Amerikaanse Huis wil optreden tegen OPEC-kartelafspraken
sWetsvoorstel effent pad voor mogelijke rechtszaken
Het Amerikaanse Huis keurde gisteren een voorstel goed waarmee het ministerie van Justitie rechtszaken rond de inbreuk van het mededingingsrecht kan aanspannen tegen OPEC. Dat is het clubje van de belangrijke olie-exporterende landen. Zij bepalen min of meer hoeveel olie wereldwijd op de markt belandt. Dat gebeurt in functie van de economische situatie. Op het toppunt van de coronapandemie en bijhorende lockdowns, beslisten ze bijvoorbeeld om ettelijke miljoenen vaten per dag minder te produceren. Dat stutte de prijs. Onlangs besliste het kartel om vanaf mei de productie gradueel weer op te drijven. De VS is die de facto prijszetting al langer beu. Het wil niet dat een extern kartel de interne olie- en bezineprijzen controleert. Toch sneuvelden eerdere gelijkaardige wetsvoorstellen al meermaals in het Congres. Ook nu is het onzeker of de Senaat het fiat geeft voor dit voorstel.

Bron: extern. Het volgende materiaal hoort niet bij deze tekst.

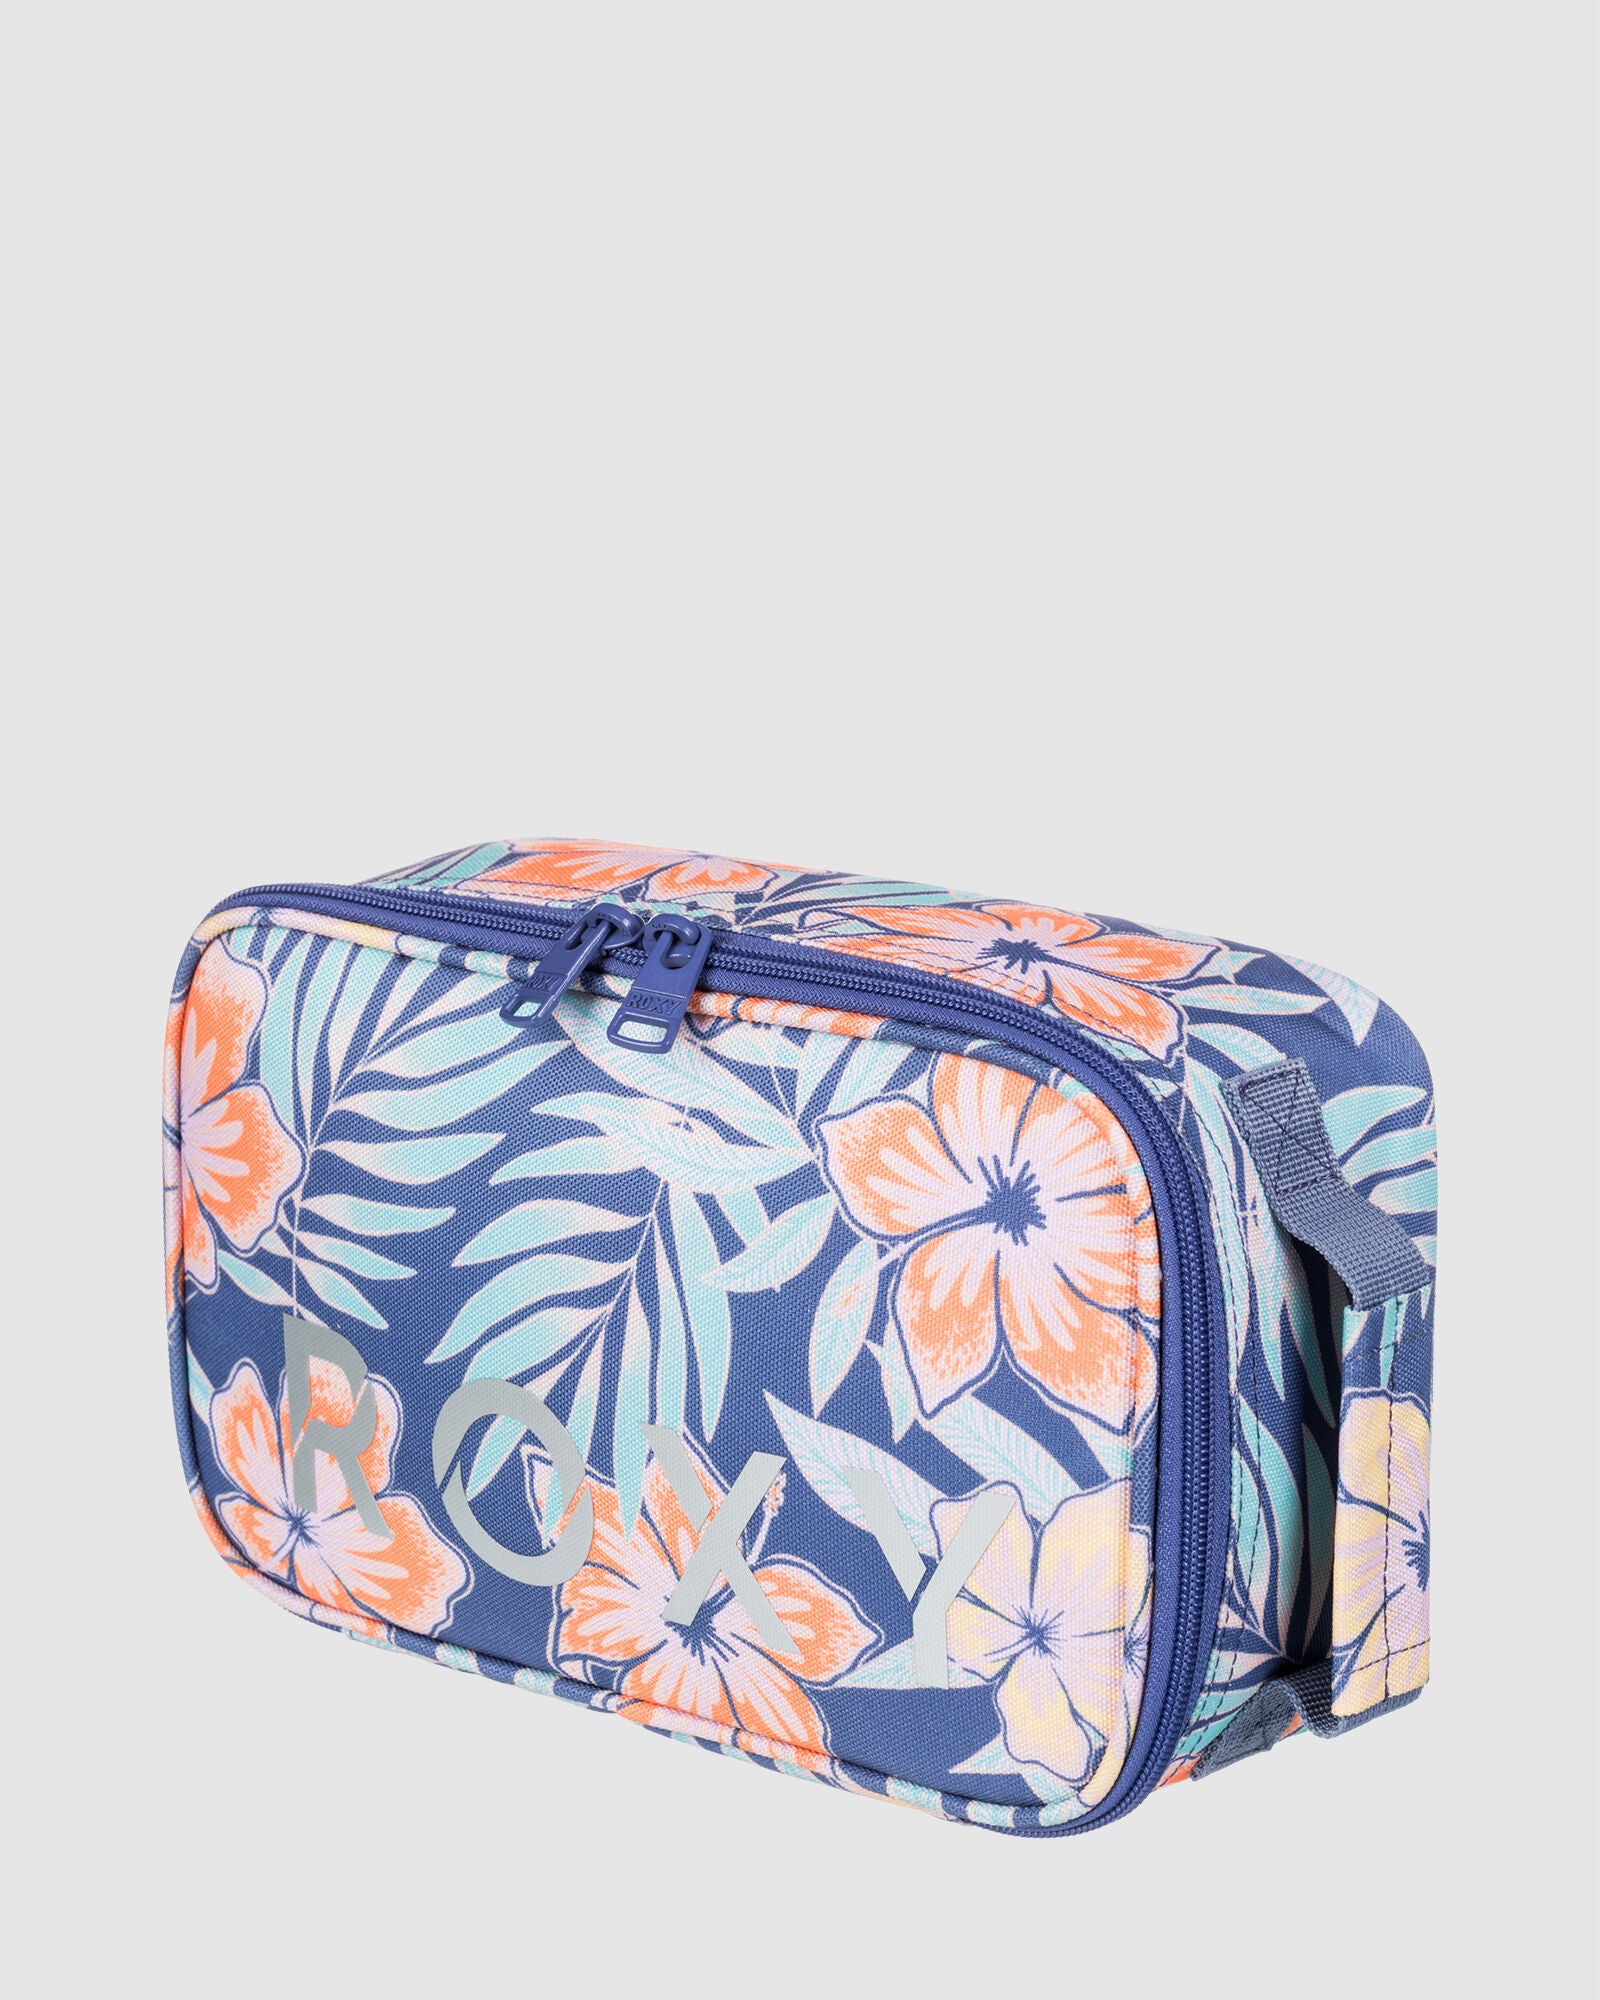 GROOVY LIFE MARLIN FUNKY PALM ROXY LUNCHBOX 3.5L BACK TO SCHOOL LADIES ACCESSORIES
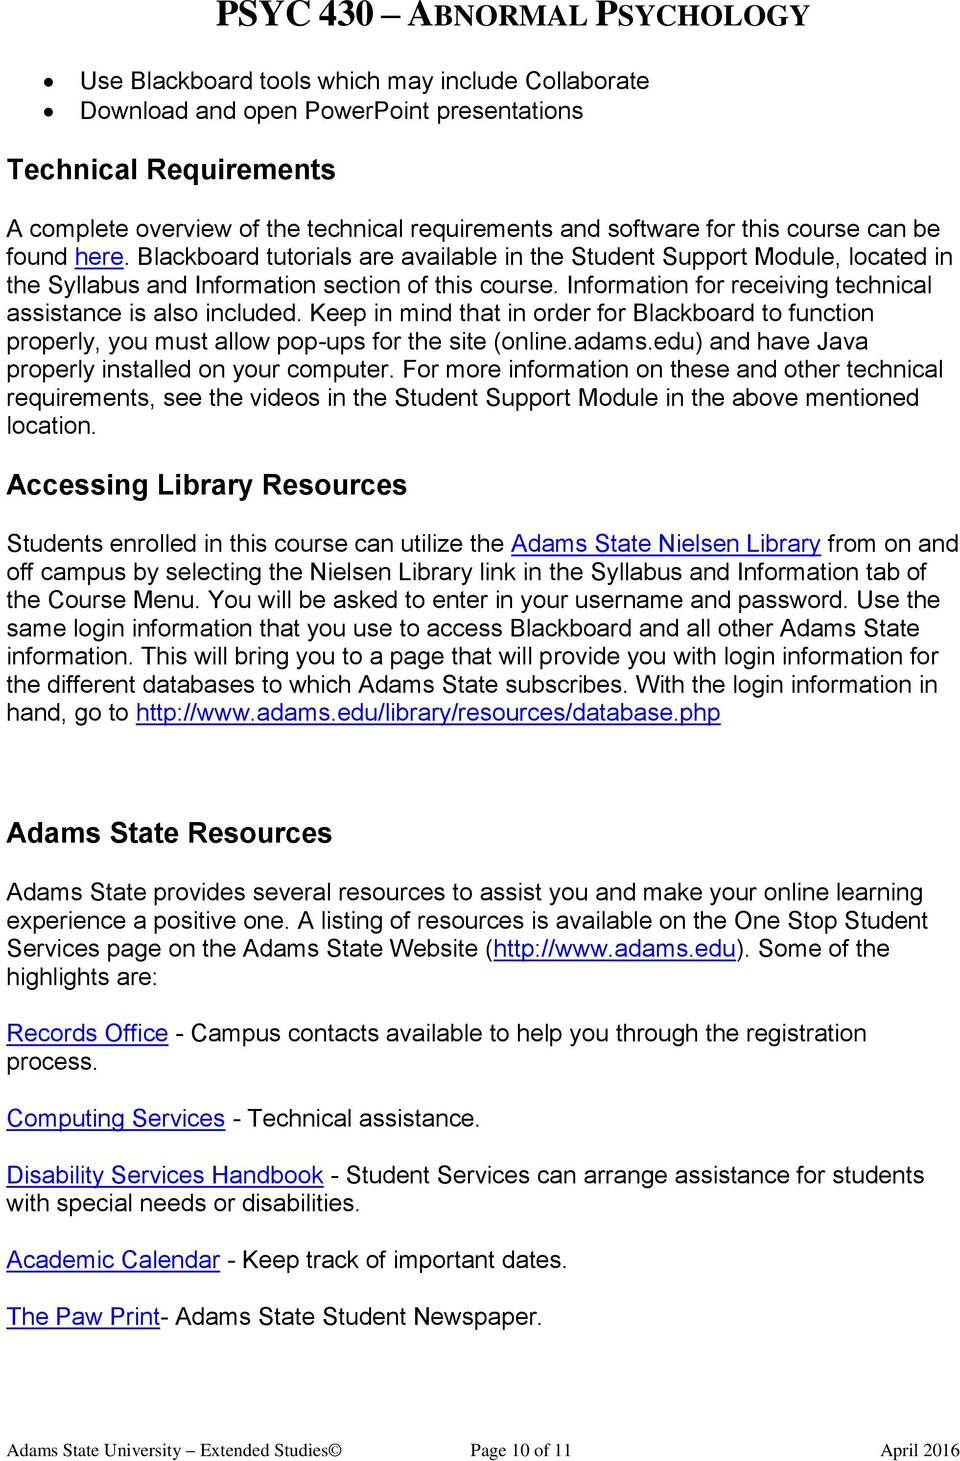 Information for receiving technical assistance is also included. Keep in mind that in order for Blackboard to function properly, you must allow pop-ups for the site (online.adams.

Het zette hoe dan ook de olieprijs gisteren onder druk. In het meest extreme geval, breekt het oliekartel. De bestaande productiebeperkingen verdwijnen dan allicht meteen in een poging van de individuele landen om zoveel mogelijk marktaandeel te veroveren. Een vat ruwe Brentolie tikte eerder op de dag $68/vat aan maar sloot uiteindelijk net boven $66. Ondertussen verlopen de gesprekken met Iran om het nucleair akkoord nieuw leven in te blazen relatief vlot. Dat zette mogelijk de olieprijzen mee onder druk. Er loopt momenteel een boycot tegen de Iraanse olie-exportsector. Maar bij een doorbraak in de onderhandelingen vervalt die normaal gezien. Dat betekent een bijkomend aanbod op een markt die nog steeds herstellende is van de Covidcrisis.